ABOUT THIS TASK: Further down are entries; set down exactly and only the lines from the one with "Y-3 Quilted Light Bomber Jacket" up to and including the one with "PO13 ULX Mercedes-Benz", dropping each picture.

SOURCE DATA:

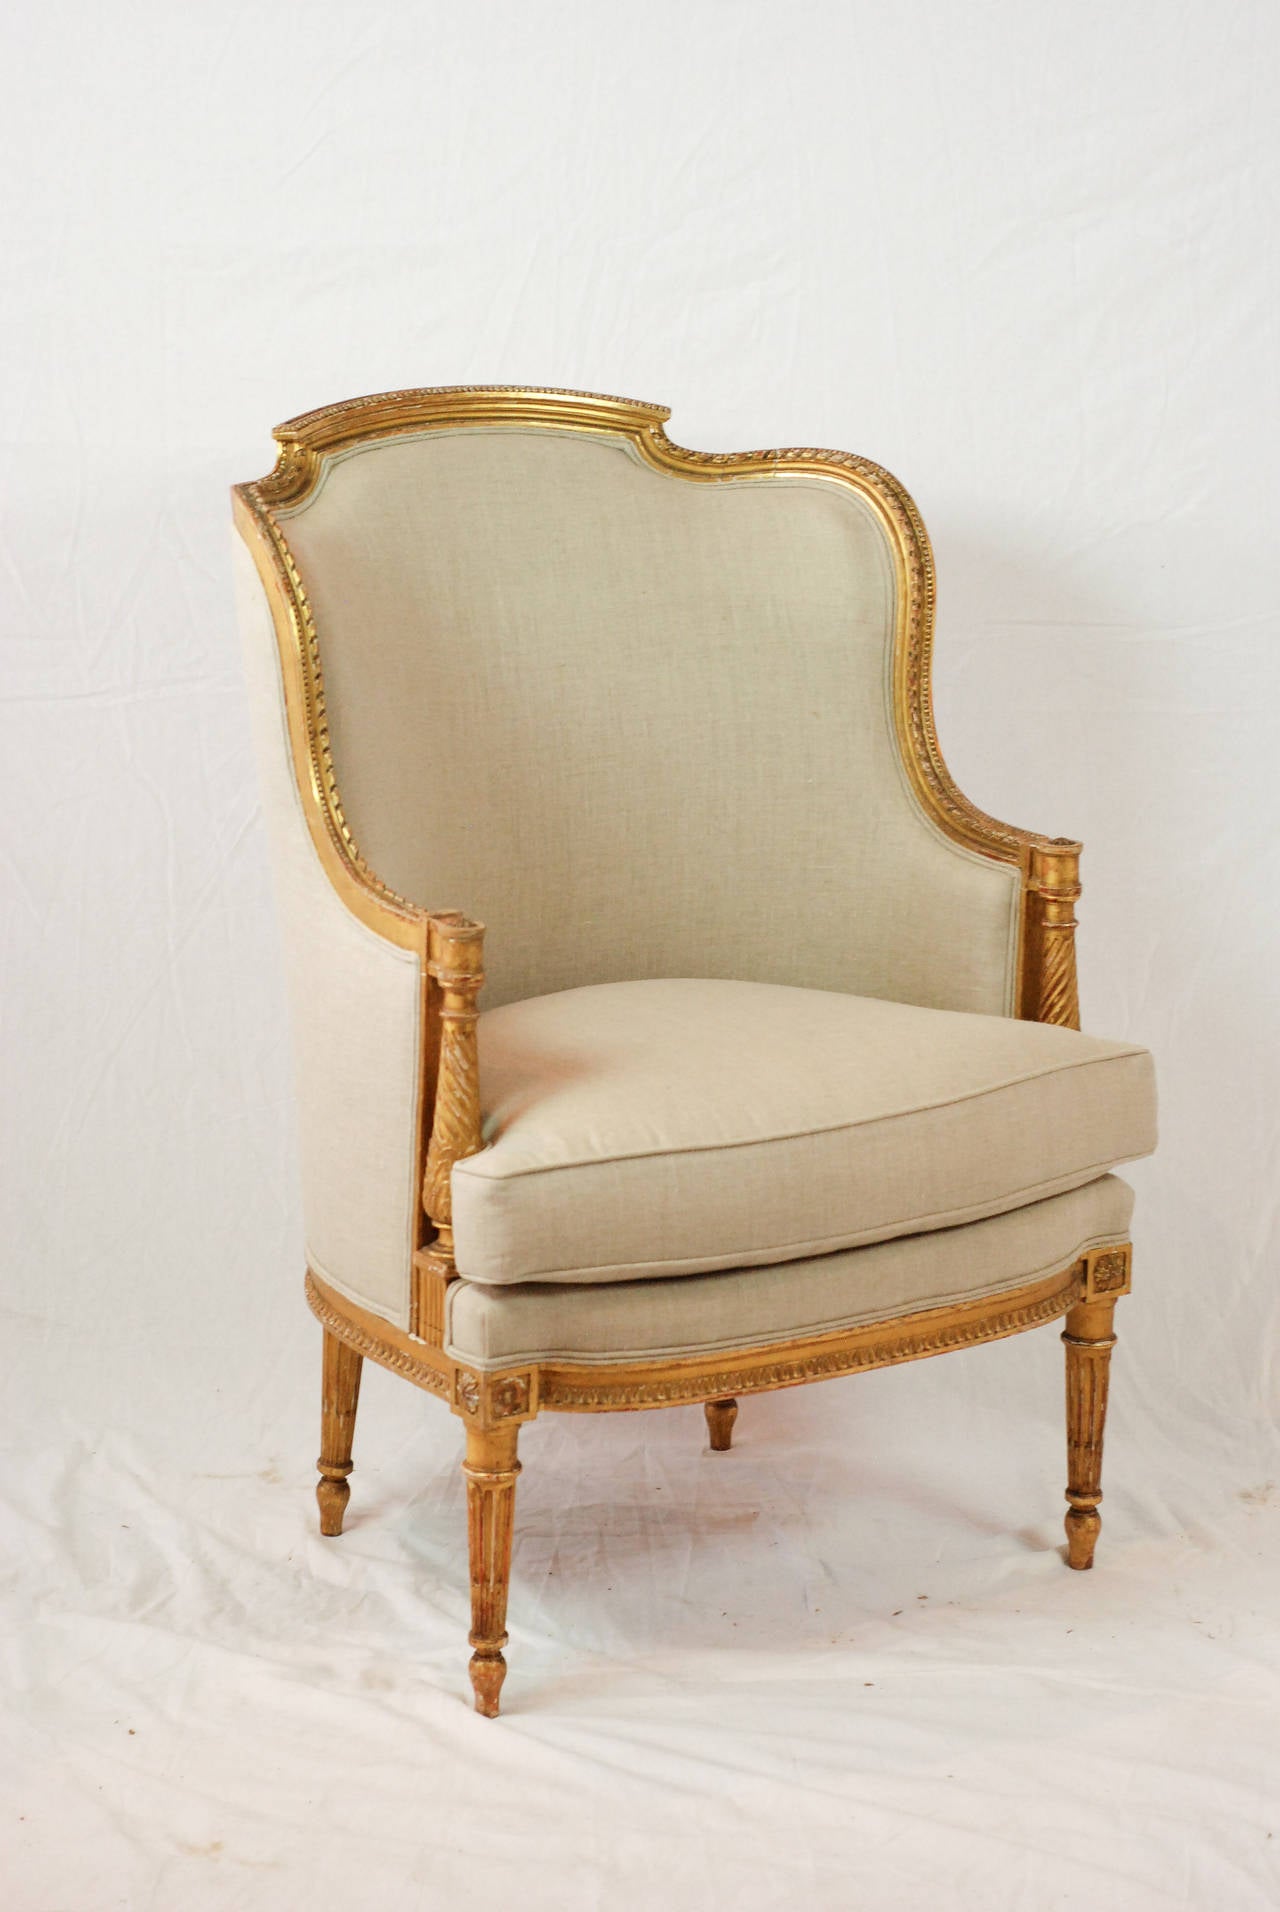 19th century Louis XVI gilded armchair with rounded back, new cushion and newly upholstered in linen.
==
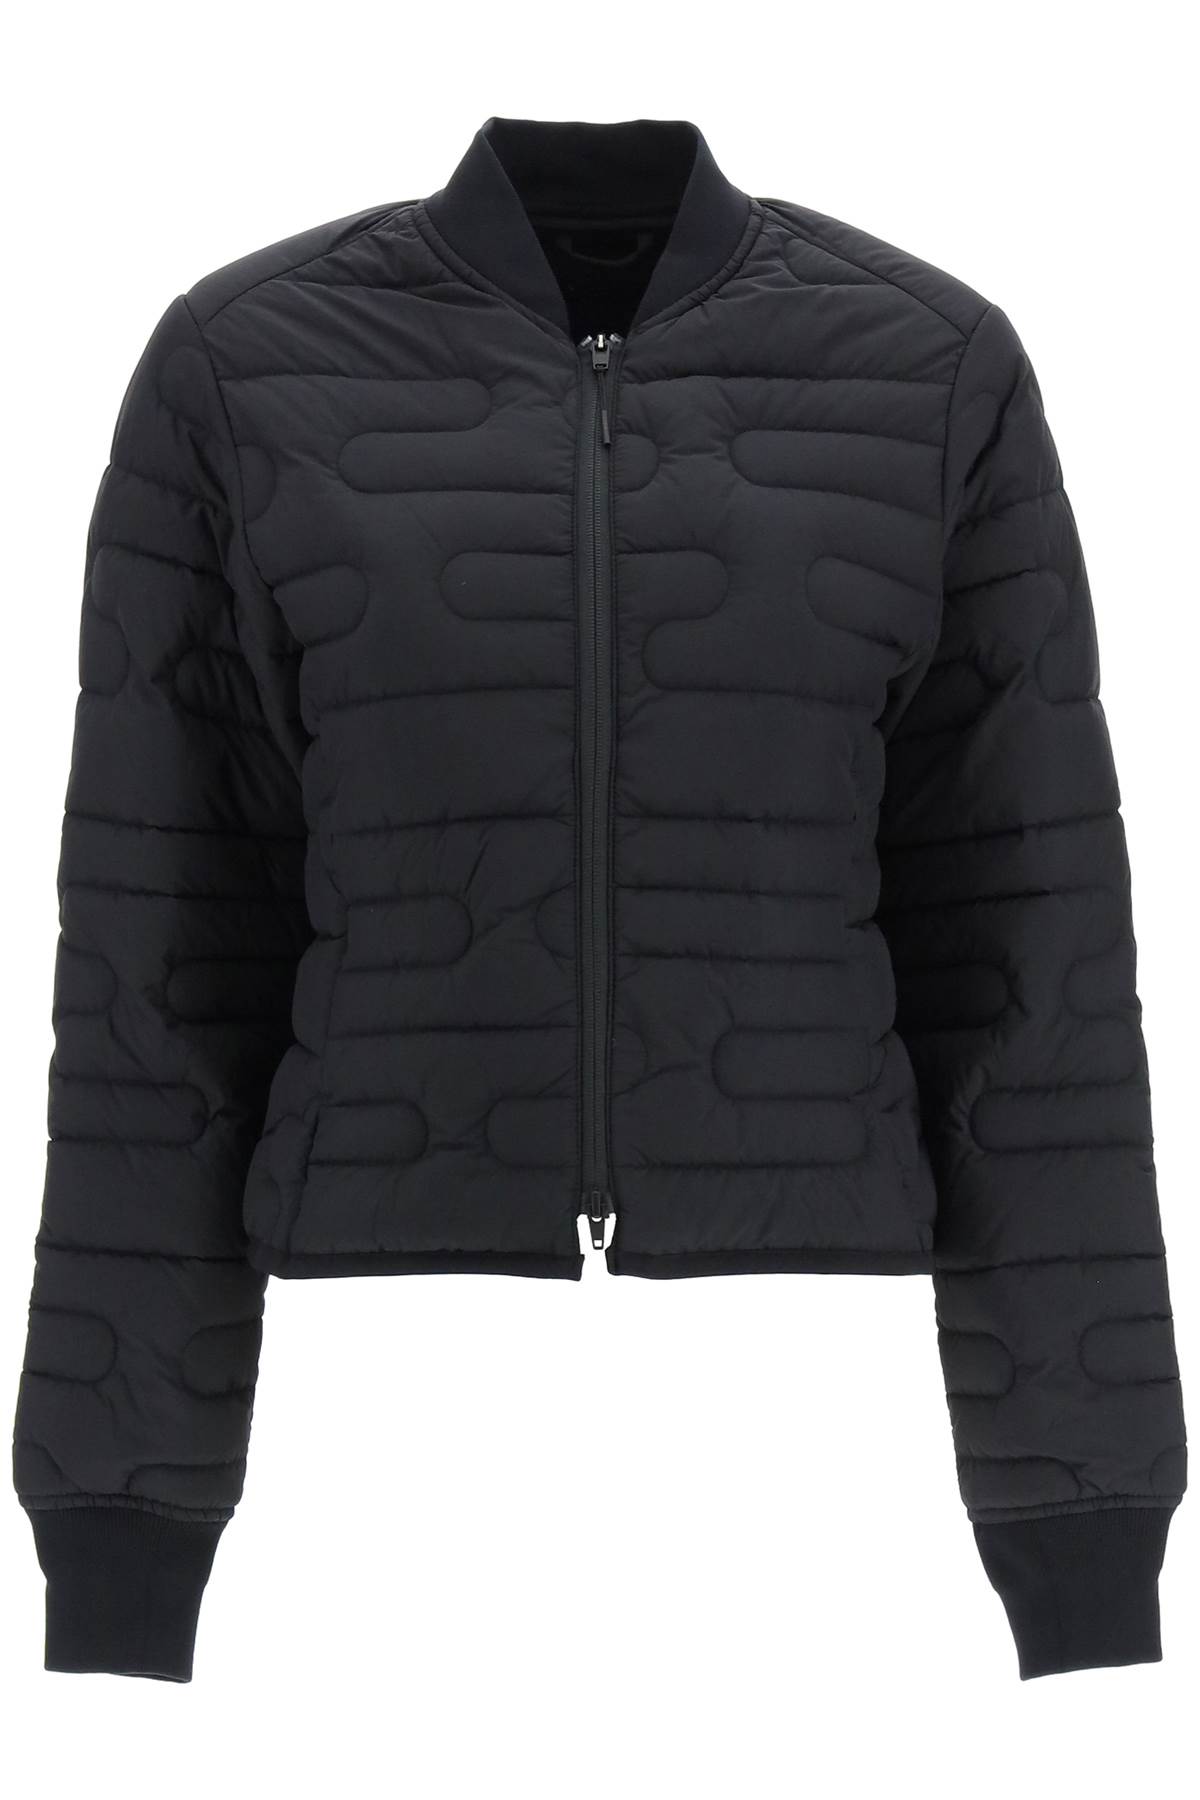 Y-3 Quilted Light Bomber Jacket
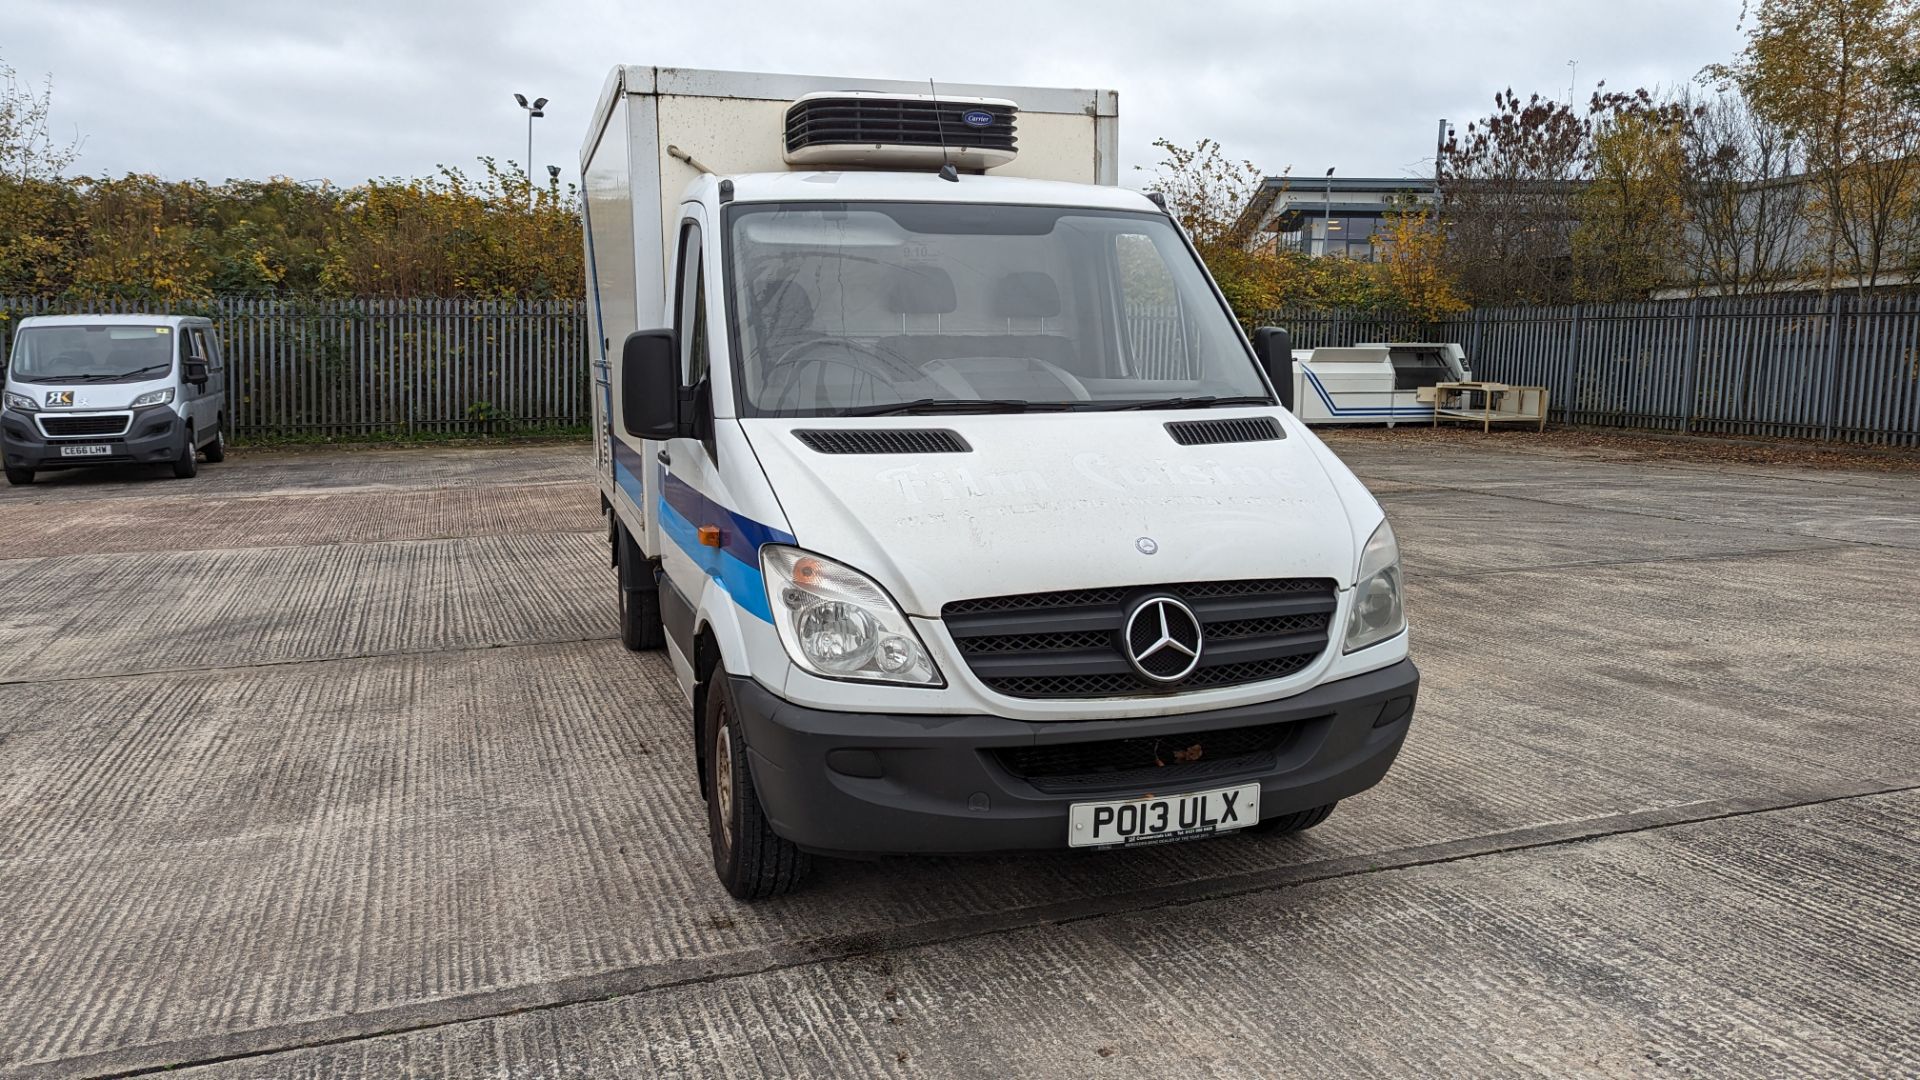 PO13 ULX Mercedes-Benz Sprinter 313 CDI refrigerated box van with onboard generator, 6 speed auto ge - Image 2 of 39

OUTPUT OF THE EXERCISE:
 Y-3 Quilted Light Bomber Jacket
 PO13 ULX Mercedes-Benz Sprinter 313 CDI refrigerated box van with onboard generator, 6 speed auto ge - Image 2 of 39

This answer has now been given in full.